Kiss Kiss Bang Bang: Elizabeth McAlpine's Adventures in Cinema

By Sarah Wood

california-sunset--elizabeth-mcalpine.jpgCalifornia Sunset, 2007

“If someone told you tomorrow you would lose your consciousness forever, how would you feel? Perhaps that you might as well be dead. And yet if your fate were commuted instead to losing your mind, then your prospects, though not very palatable, would seem less gloomy. Your consciousness and your mind, therefore, cannot be the same thing.” – Susan Greenfield

Watching artist film-maker Elizabeth McAlpine’s intrepid experiments with cinema I’m struck by how clearly she knows the distinction between consciousness and mind. It is not an easy distinction to make. McAlpine marks it by looking at the way consciousness and the mind communicate, and particularly how cinema intervenes in this process.
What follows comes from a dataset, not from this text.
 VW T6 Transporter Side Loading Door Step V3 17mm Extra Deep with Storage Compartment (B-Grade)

Take, for instance, her 2005 installation Kiss Kiss Bang Bang, a giant widescreen projection that samples a series of explosions and embraces from mainstream cinema on a giant grid of blackness. The cinematic moments burst into life in real-time then disappear with a seeming randomness, the product of fixity in their own inexplicable narrative.

On a basic level Kiss Kiss Bang Bang points up the twin drives that fuel human behaviour and which cinema so expertly exploits: sex and death. It points up the orgasmic quality of violence, it points up gendered narrative, it talks about cinematic framing, it is very modern. More than this: it shows, in its sudden dashes of light and meaning across the darkness of the screen, the way our synapses process this information. At its best, this piece acts to represent visually our own cognition process – our own neurological understanding of the work.
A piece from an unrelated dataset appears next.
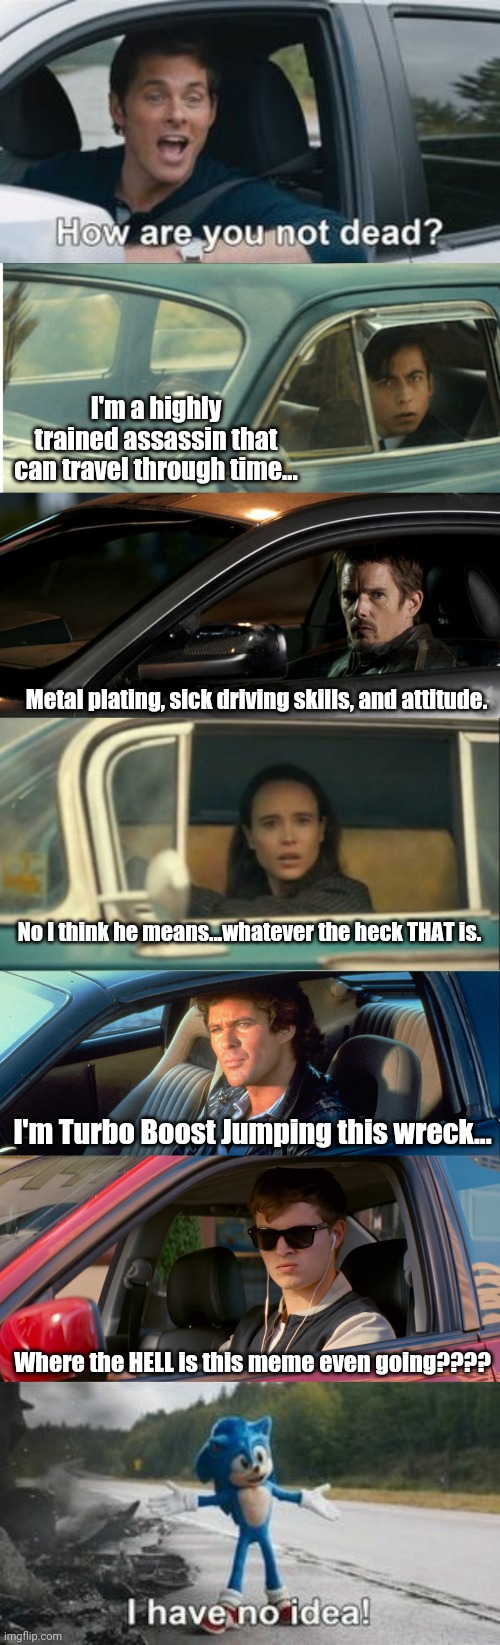 Mash Up central | I'm a highly trained assassin that can travel through time... Metal plating, sick driving skills, and attitude. No I think he means...whatever the heck THAT is. I'm Turbo Boost Jumping this wreck... Where the HELL is this meme even going???? | image tagged in sonic,umbrella,knight rider | made w/ Imgflip meme maker

dont-look-now-nicolas-roeg.jpgDon't Look Now, 1973

The language of cinema operates to suppress consciousness in order to control the mind and provoke the imagination. This is not an easy thing to see but McAlpine is an investigator into the way the moving image, particularly the language of mainstream cinema, works. She is an unearther of process. By subjecting conventional film process itself to a new one of her own making she reveals intent. Take for instance, The Film Footage Missed by a Viewer Through Blinking While Watching the Feature Film 'Don't Look Now' (2003). The film does what it says. It plays you 7 minutes of the film Don't Look Now made up entirely from the moments when her experimental viewer blinked and broke the connection between the eye and the image. This is only part of the story. The re-edit’s clarity – even if you haven’t seen the original film you could come away from McAlpine’s re-edit with a pretty clear idea of what happens and how the film works – reveals a hidden process: that blinking, far from being an interruption to conscious understanding, is in fact the moment of cognition, the moment when the mind gets to process the information it’s received and understands it – the moment conscious understanding is gifted to the mind.
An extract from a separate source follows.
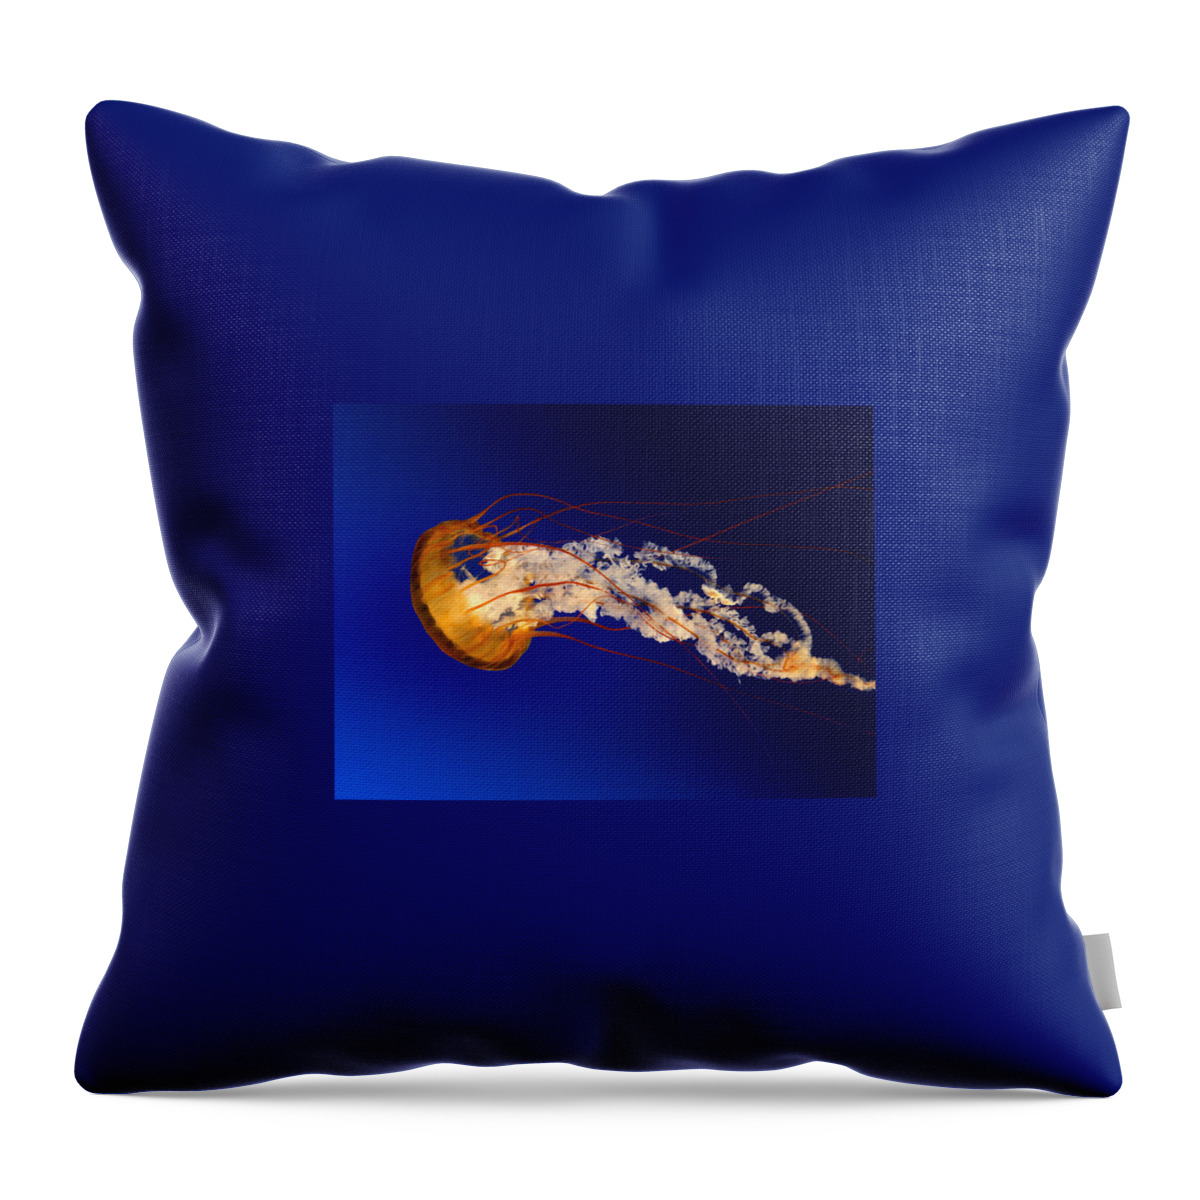 Photograph Throw Pillow featuring the photograph HJK by Raj Singh

For her latest exhibition at Exeter’s Spacex Gallery, McAlpine has created a new piece – Californian Sunset. Edited together from apparently empty 35mm film frames she recycles them into a glorious glowing colour sequence pointing up the subtlety of the things we lose when we watch a film at 24 fps, the moments beyond cognition. It is complete visual pleasure. It’s enough by itself; but McAlpine pushes the piece further, playing it as part of an installation with a monitor in the foreground of the projection, which disrupts the eyeline with a loop of 1500 climatic white-out moments of cinematic explosions. She also retains the soundtrack of the explosions: a white noise, an impossible distraction from the trippish quality of the colourwash beyond. The pieces played together again question consciousness, ask how much the mind can process, how interference plays with the mind and, most importantly, how the attraction to the smooth and the colourful is in direct opposition to the antagonism of the violent.

california-sunset-elizabeth-mcalpine-3.jpgCalifornia Sunset, 2007

It tells us a lot about consciousness and also conscience. The piece inevitably pulls you back into the real world. It suggests, in its titling, an opposition in our experience of the world through the dominance of American culture. On one hand there’s the attraction of a childlike pacification; on the other there’s the TV-scale distraction of an endless loop of CNN-framed violence. The experience is binary but also something we can’t compute. This piece sits, calmly ironic, like the finale of Thomas Pynchon’s glorious 1973 anti-war novel Gravity's Rainbow. There, an audience sings along to a bouncing ball on a cinema screen while overhead a missile is completing its final arc toward a direct hit on the theatre. In the novel the avoidance of understanding equals death. 

There is something of this same questioning of discrepancy in McAlpine’s installation. In dispensing with narrative she appeals directly to consciousness, challenging the contradictions in the stimulus we receive from the same source, questioning which source attracts. Just as in her sculpture of a plaster gramophone player and record (the record can be played – but the player might self-destruct in the playing) we are handed a choice, and the choice is refreshingly mind-expanding, a return to urgent consciousness in an age which encourages a much more numbed response.